Aim of the task – Word for word, copy the lines beginning at the one with "Power, Politics and" and ending at the last line below; pictures stay out.

Recorded data –
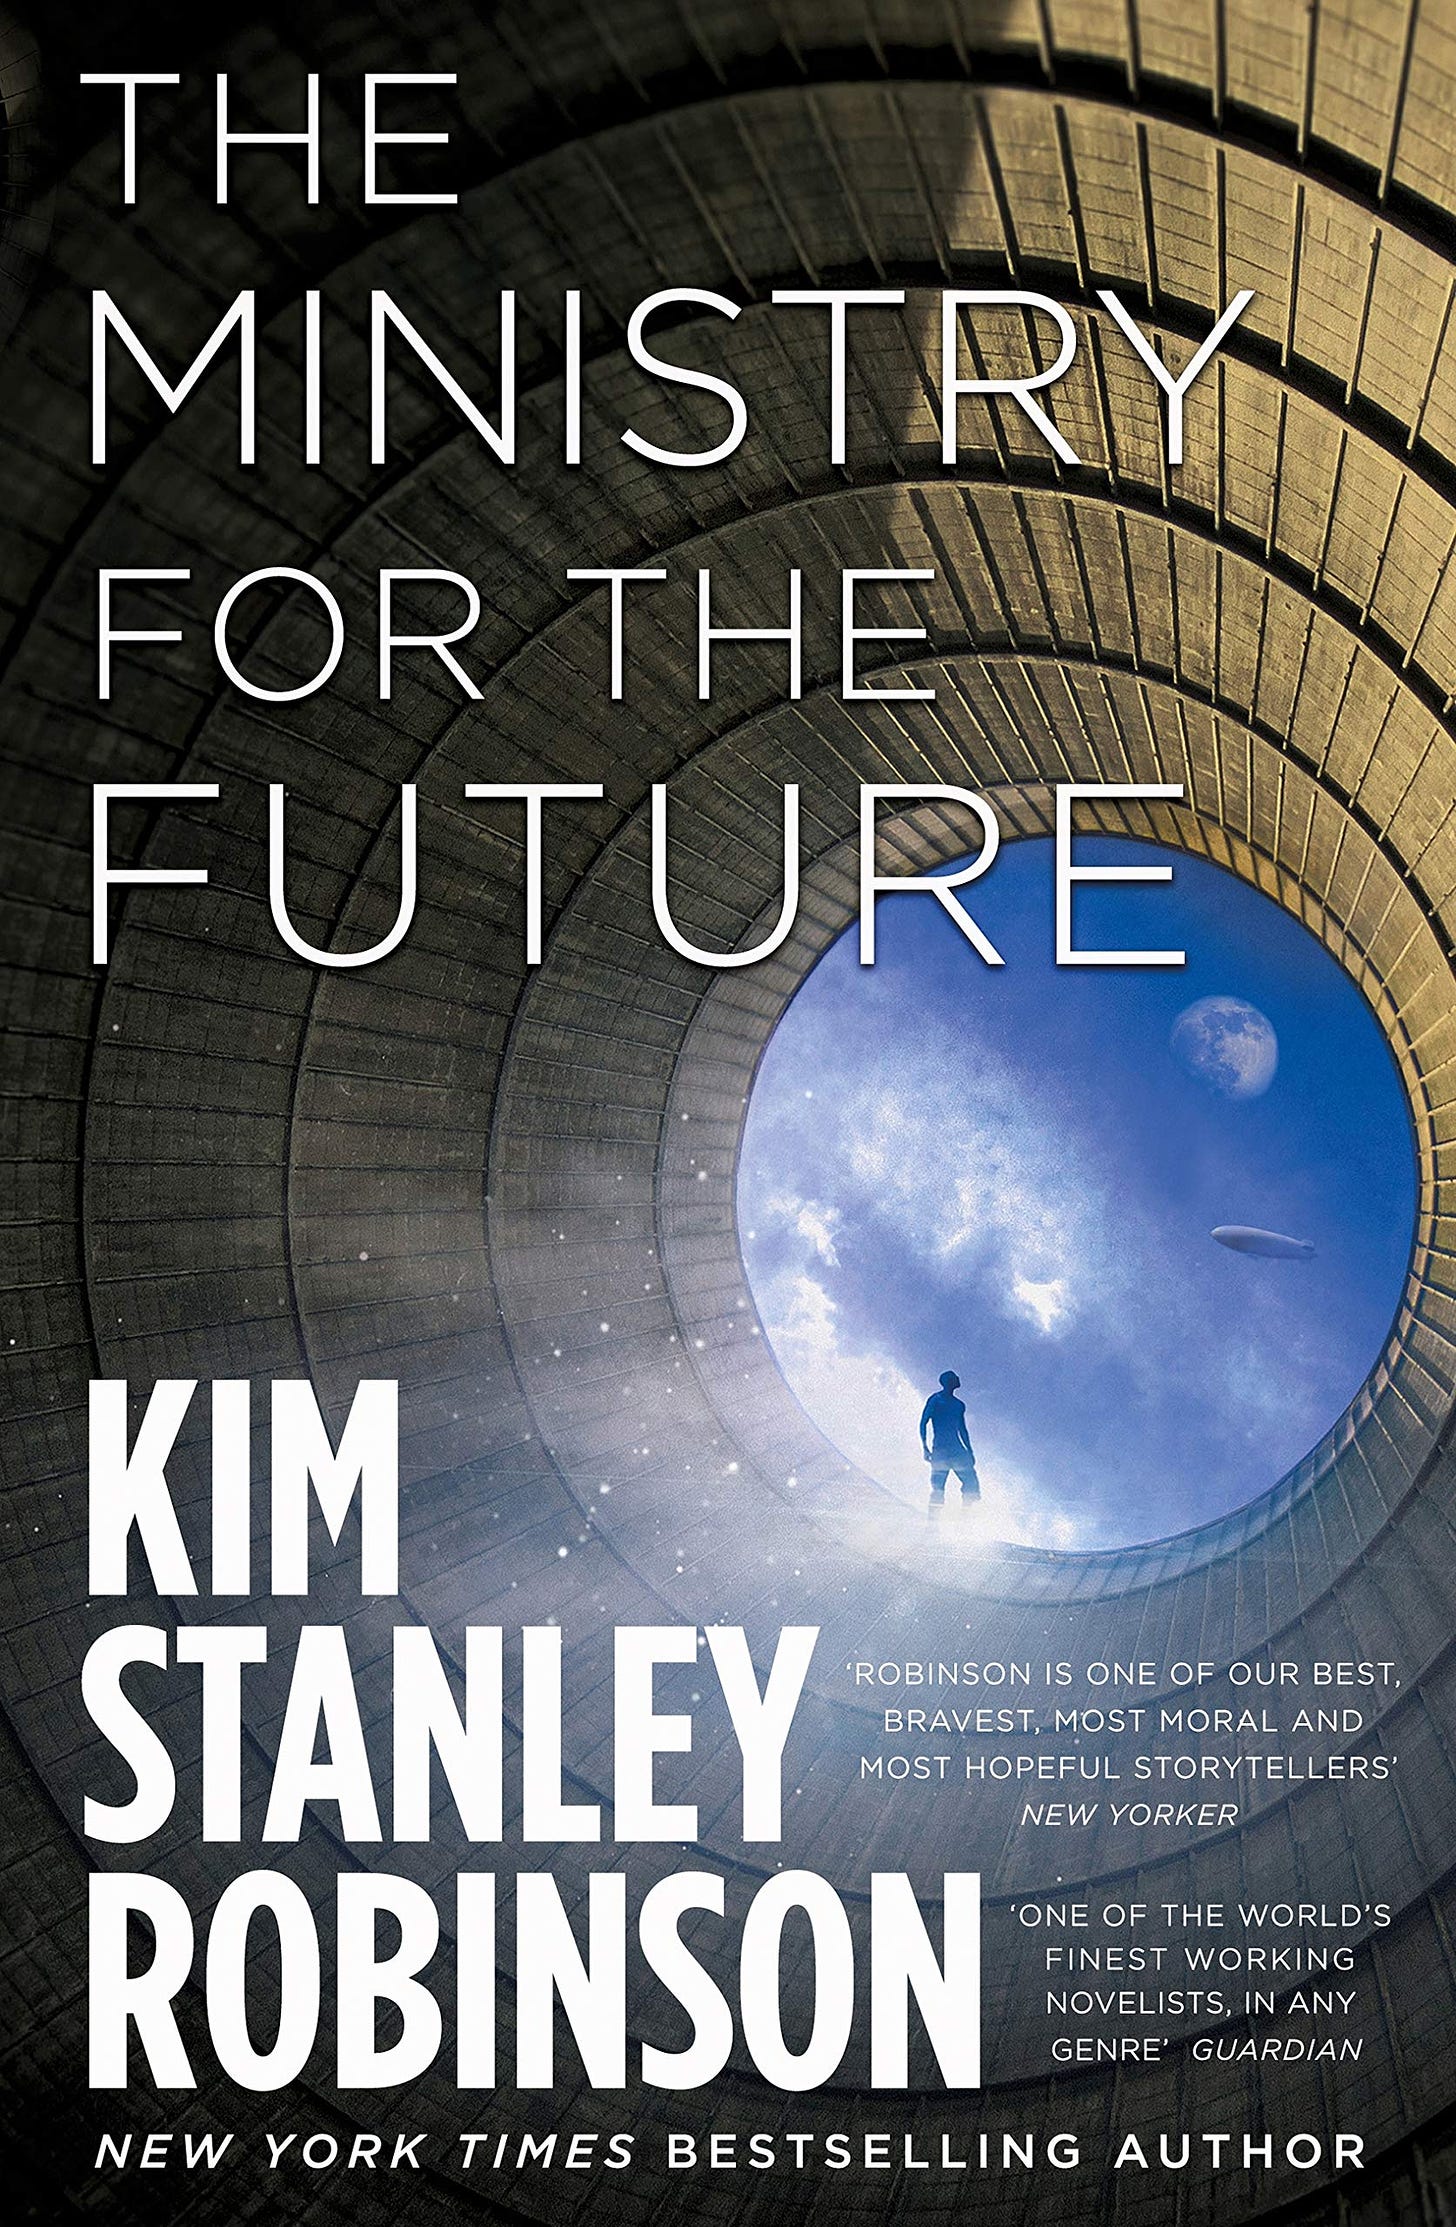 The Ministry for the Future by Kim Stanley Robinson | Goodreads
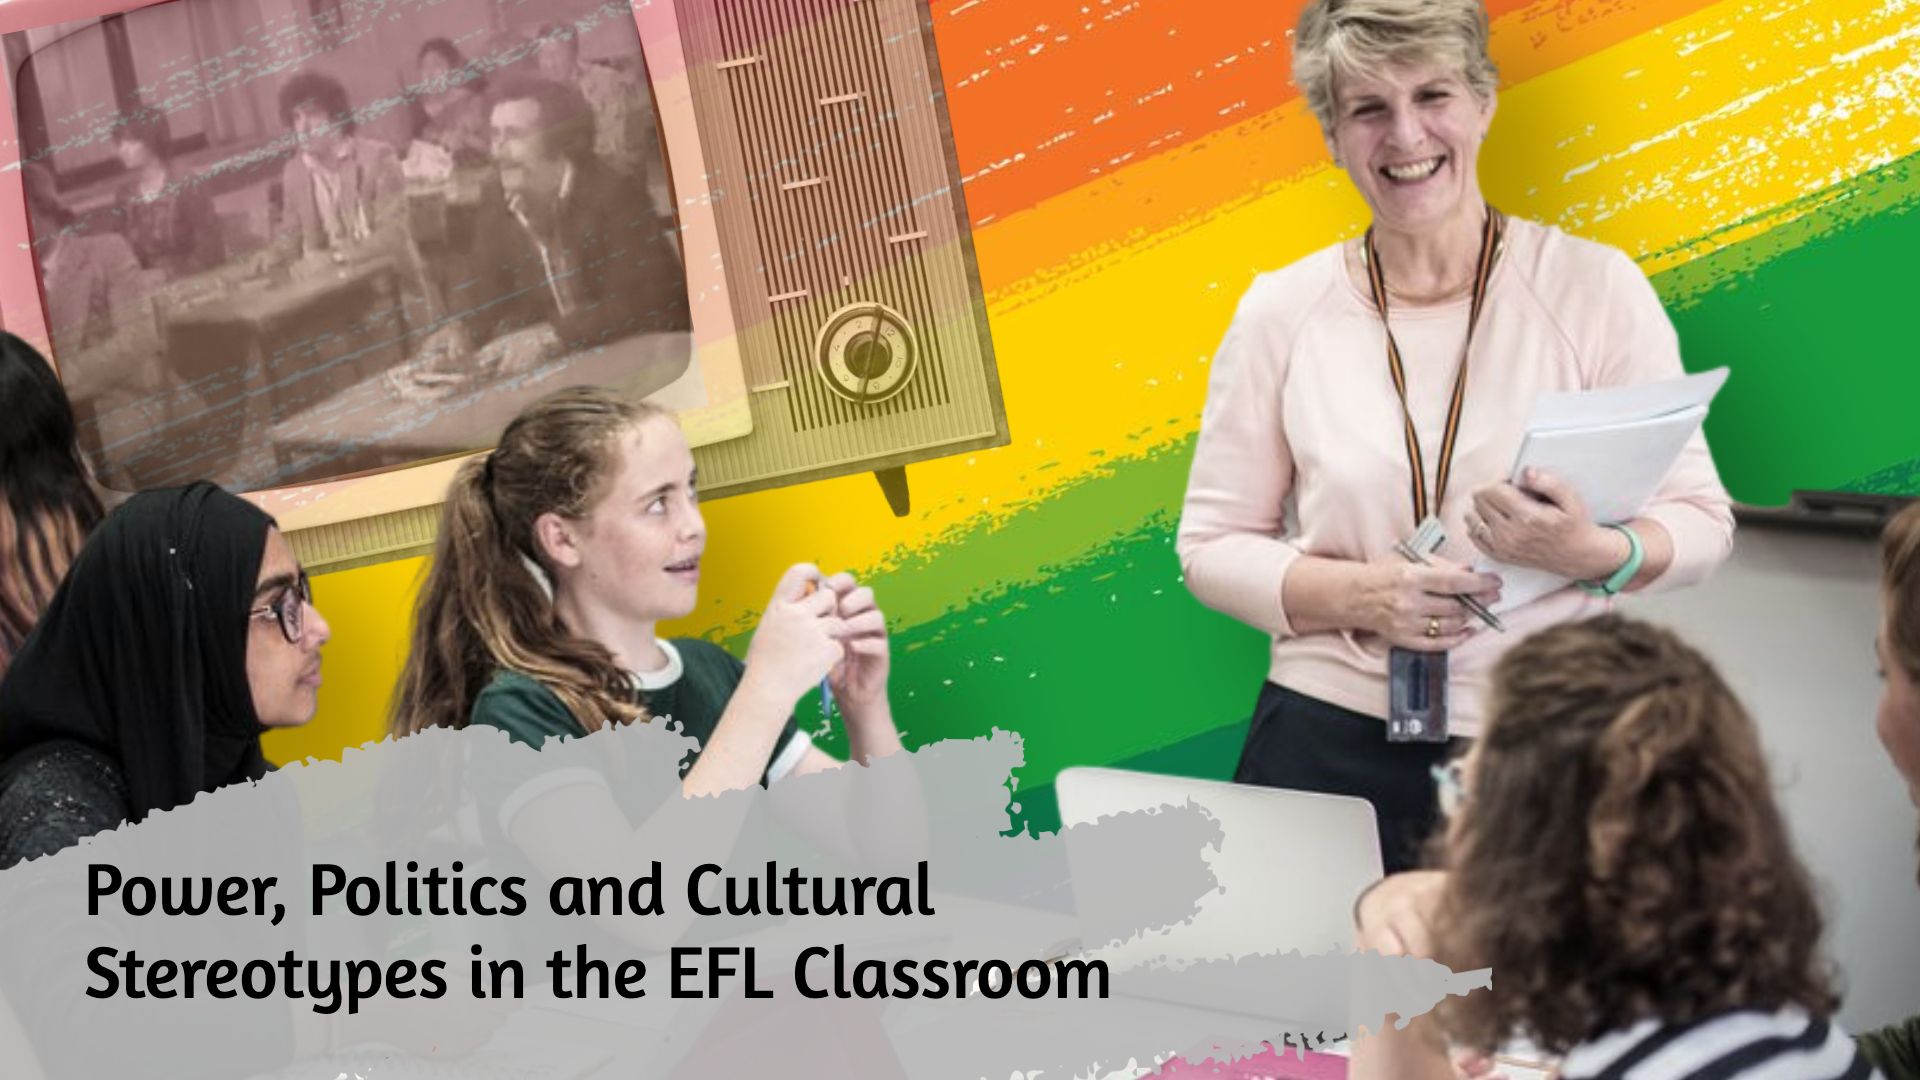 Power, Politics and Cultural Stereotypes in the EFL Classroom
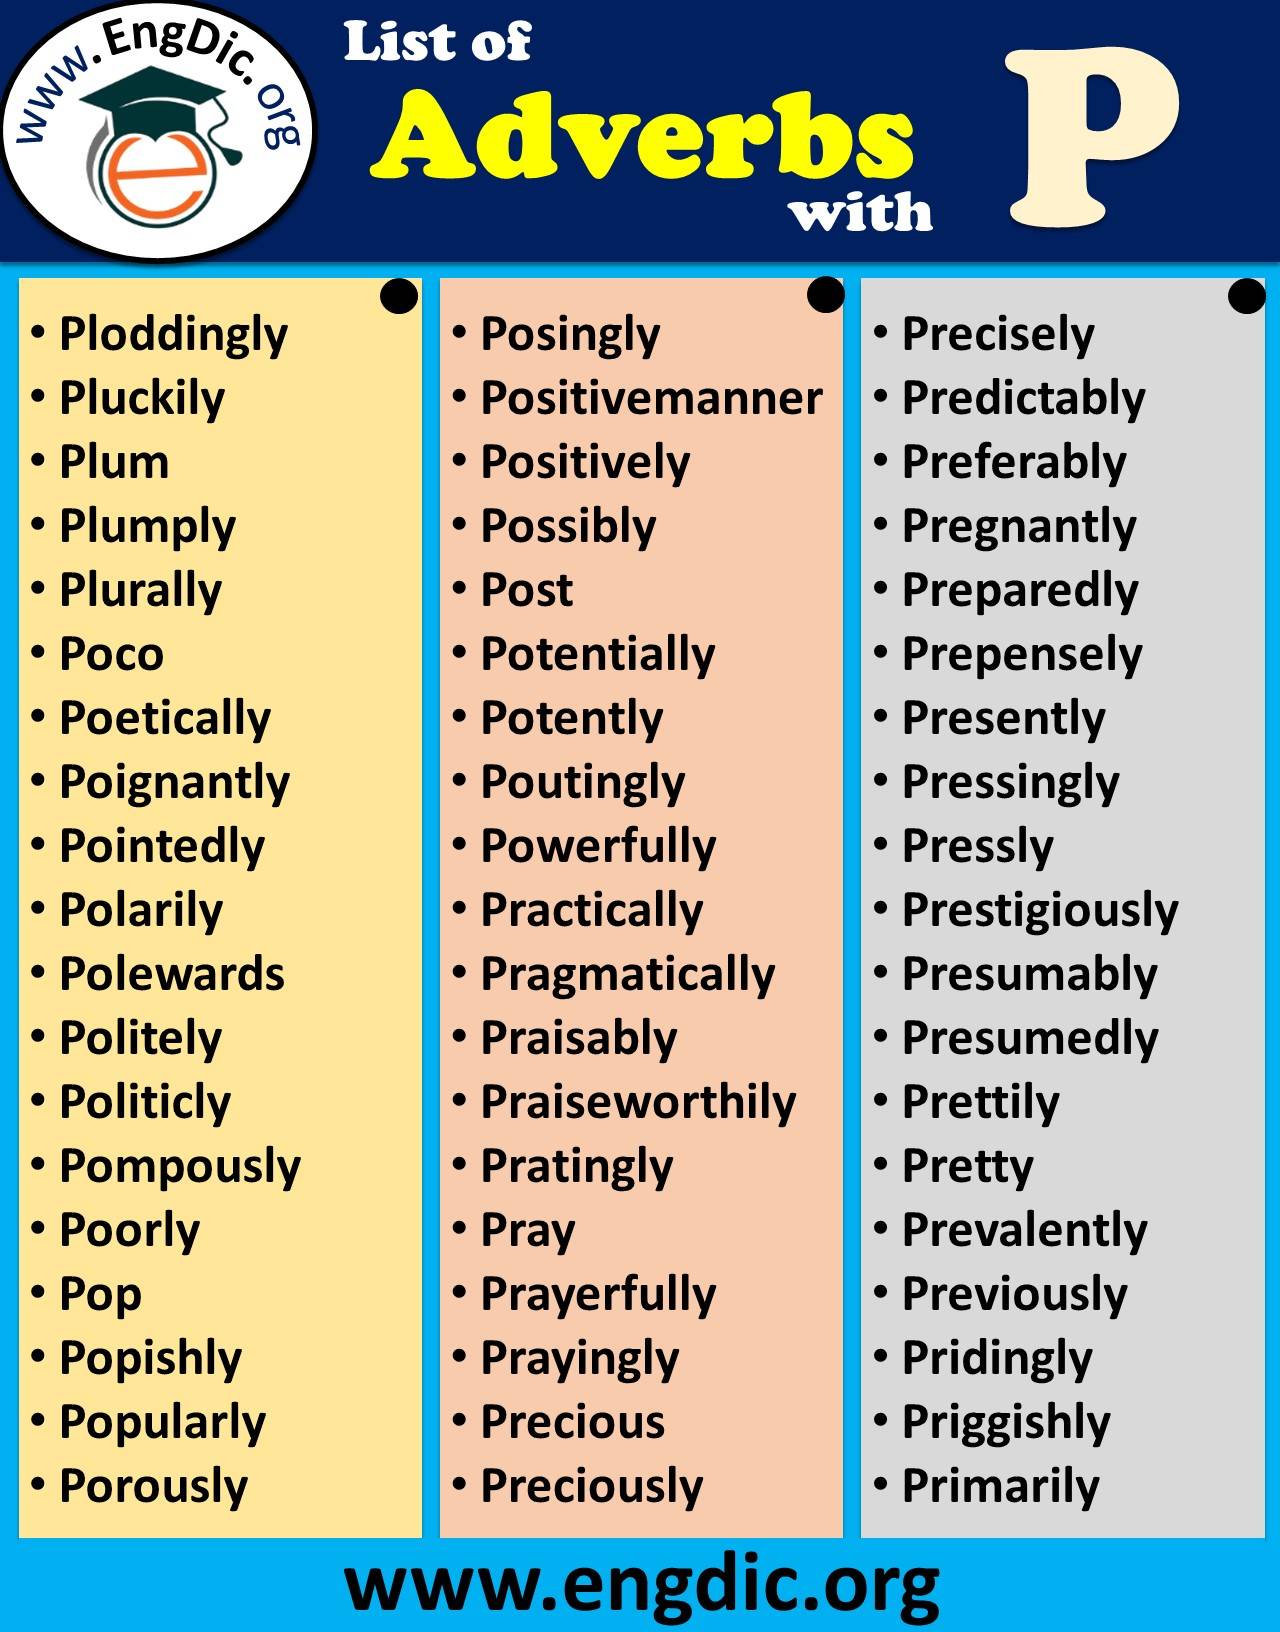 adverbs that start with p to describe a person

Problem solution –
 Power, Politics and Cultural Stereotypes in the EFL Classroom
 adverbs that start with p to describe a person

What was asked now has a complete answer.